The application has been running fine since 2001. The original system configuration was a web machine connecting to a DB machine. Both systems ran Win2k and the original DB was on SQL2k. My company has licensed the system from the original authors and we've redeployed it onto new machines.

The new system configuration is a web machine connecting to a DB machine. The web machine is win2k3r2 32-bit and the DB machine is win2k3r2 64-bit. The new DB is on SQL 2k5. There are also some network design differences (the web and DB machine talk over a dedicated backnet), but we're not seeing any connectivity problems there at all.

Before I describe the current issues, please note... if we run the SQL Server and webserver on the same machine, this issue disappears. This issue also never once appeared on the older/slower deployment from 6 years ago.

We have a chunk of code (that I could post, but it would be a waste of time, it's VAST) that grabs a recordset through OLEDB and then loops through it, each time making another new connection to the DB machine. which probably opens and closes a few other connections each time, too. Loops within loops within loops, all opening multiple connections. (like I said, this has worked for 6 years on older equipment and software).

We now get the following error:

Microsoft OLE DB Provider for SQL Server error '80004005'

[DBNETLIB][ConnectionOpen (Connect()).]SQL Server does not exist or access denied.

/faculty/Portals/FacultyPortal.asp, line 169

line 169 (and the one before it for clarity) look like this:

aszSQL = "select query from query_builder where ID = " & teamID
aobRS.open aszSQL, cnnTask, adOpenForwardOnly, adLockReadOnly

cnnTask is opened earlier in the code and is repeatedly used for several different purposes. All connections are left open until the end of the ASP page where they are closed.

This is not where the application dies each time, but it always dies in the inner-most loop during a similar RS.open statement.

The connection string we are using to access the DB is:

application("gszConnectionString") = "Provider=SQLOLEDB.1;Integrated Security=SSPI;Persist Security Info=False;Initial Catalog=demo;Data Source=ppdb1-data"

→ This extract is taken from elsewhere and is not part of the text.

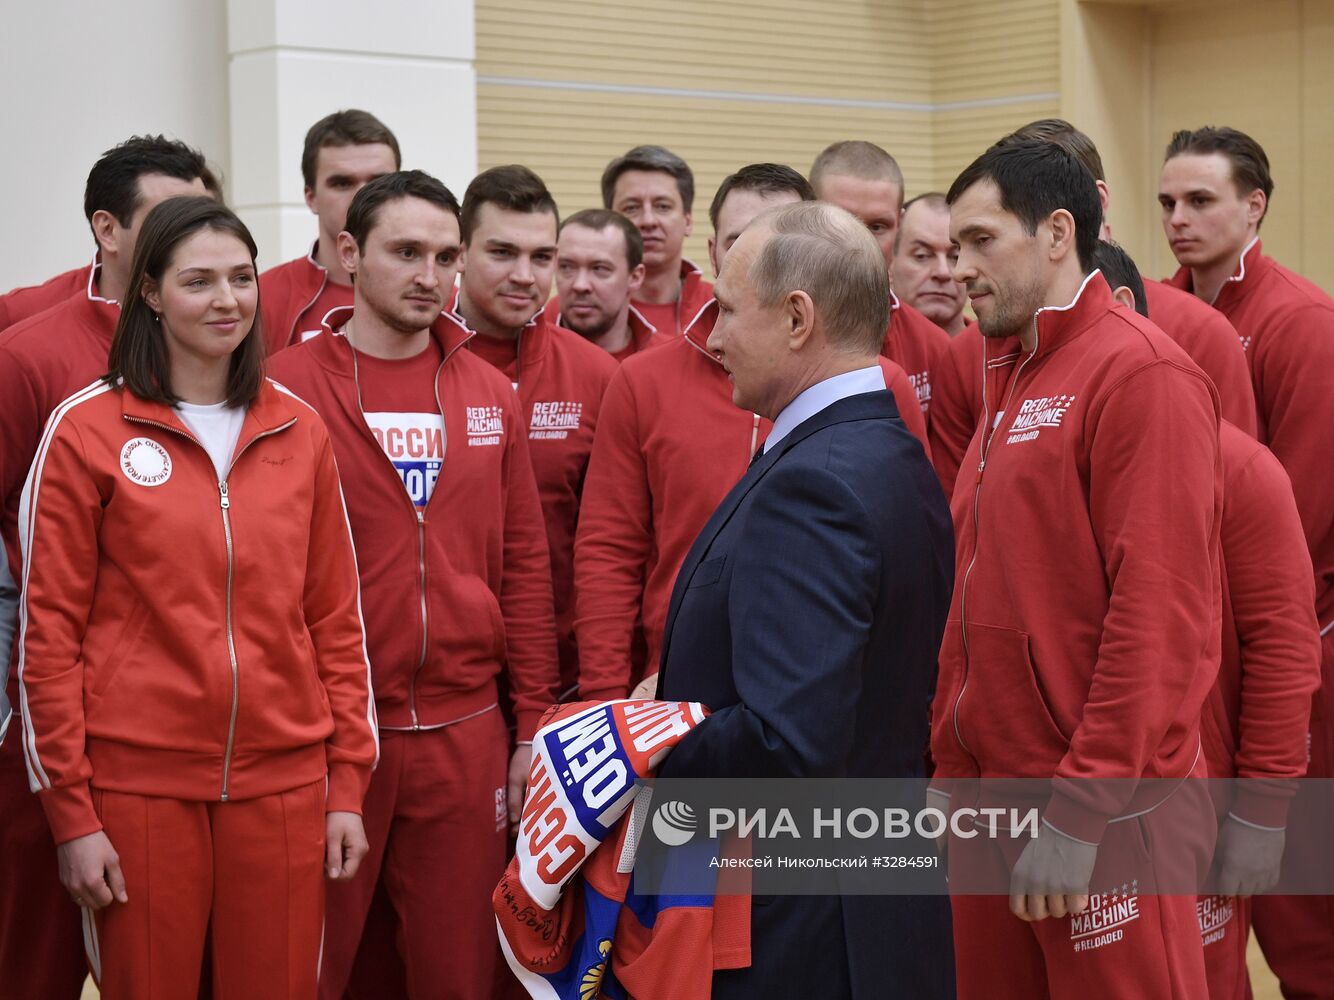 Президент РФ В. Путин встретился с российскими участниками XXIII Олимпийских зимних игр 2018 года в Пхёнчхане
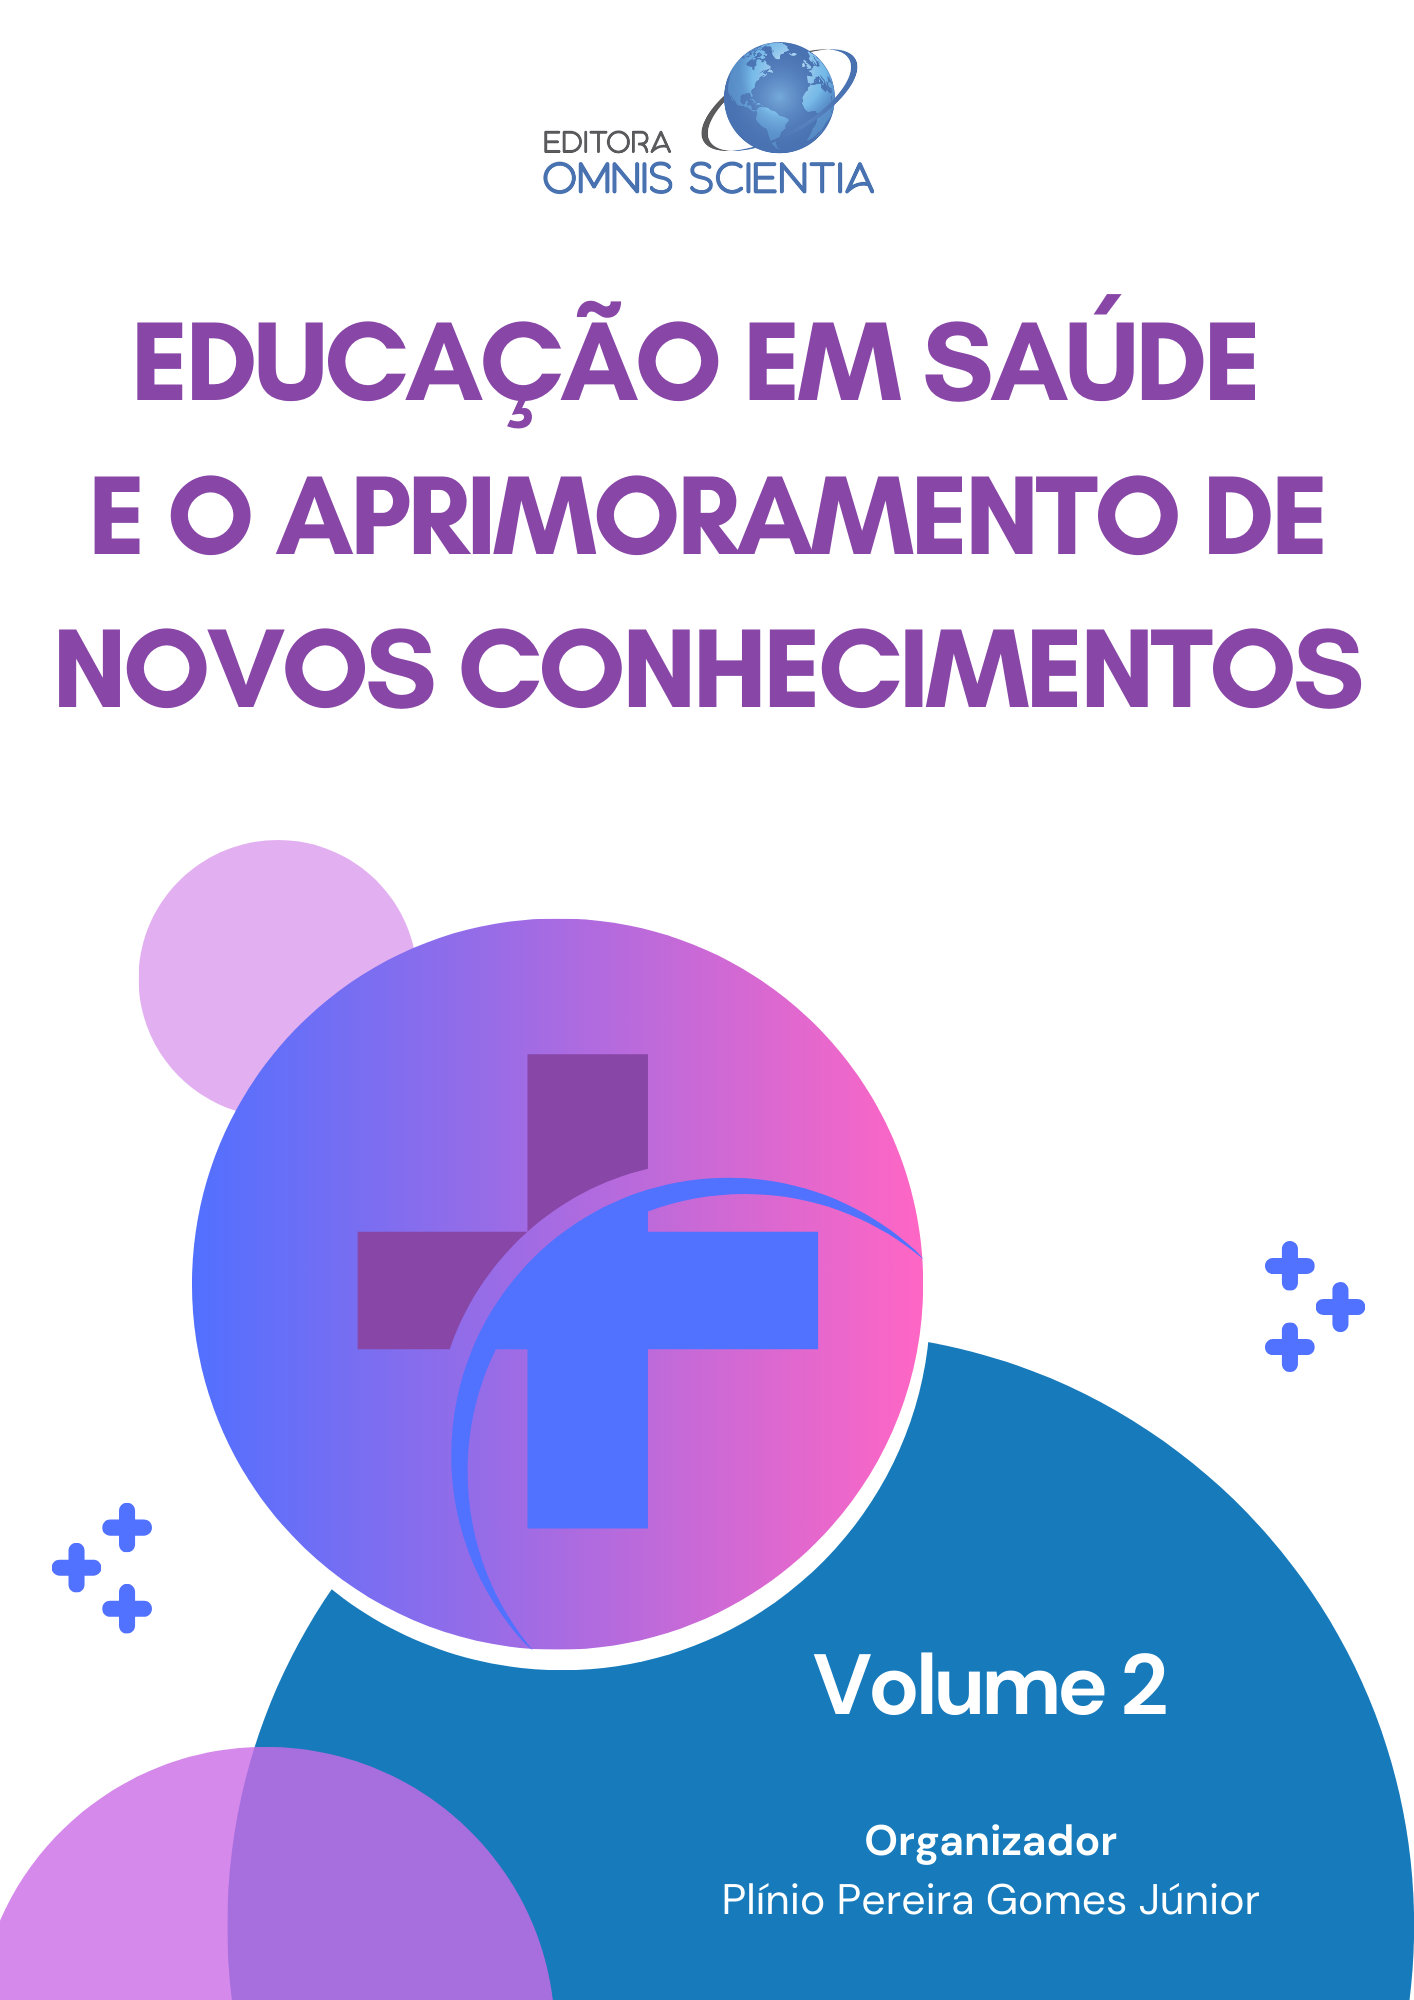 EDUCAÇÃO EM SAÚDE E O APRIMORAMENTO DE NOVOS CONHECIMENTOS, VOL 2

Here are some things we've tried and some results:

1 - we called dell and had then try to help us, thinking it was a network connectivity problem. They ran packet sniffers and stuff and declared that we should update MDAC. This did not solve the problem.

2 - both the web and the DB machine were using Intel ProSet/1000 adapters with load-balanced teamed ports. The teams were dissolved. This did not solve the problem.

3 - I tried changing 'Persist Security Info=False' to True. This didn't solve the problem, but did change the error message to Timeout() (instead of does not exist or can't login).

4 - We've tried fiddling with SQL Server's TCP properties (like keep alives) with no luck.

5 - In the course of testing, we loaded our copy of SQL Server onto the web machine and were, initially, able to reproduce the problem on a single machine. using almost the same connection string (but with 127.0.0.1 in the data source name). When we later changed the actual IP address to a resolvable name (ie. localhost), it stopped. <boggle>

6 - we've tried SQL logins instead of integrated security. this didn't help either.

We're at a total loss for an explanation and, apparently, so is Dell. Not surprising, I guess, but this is particularly vexing for us because it's all newer faster equipment but produces problems we didn't see on the old deployment.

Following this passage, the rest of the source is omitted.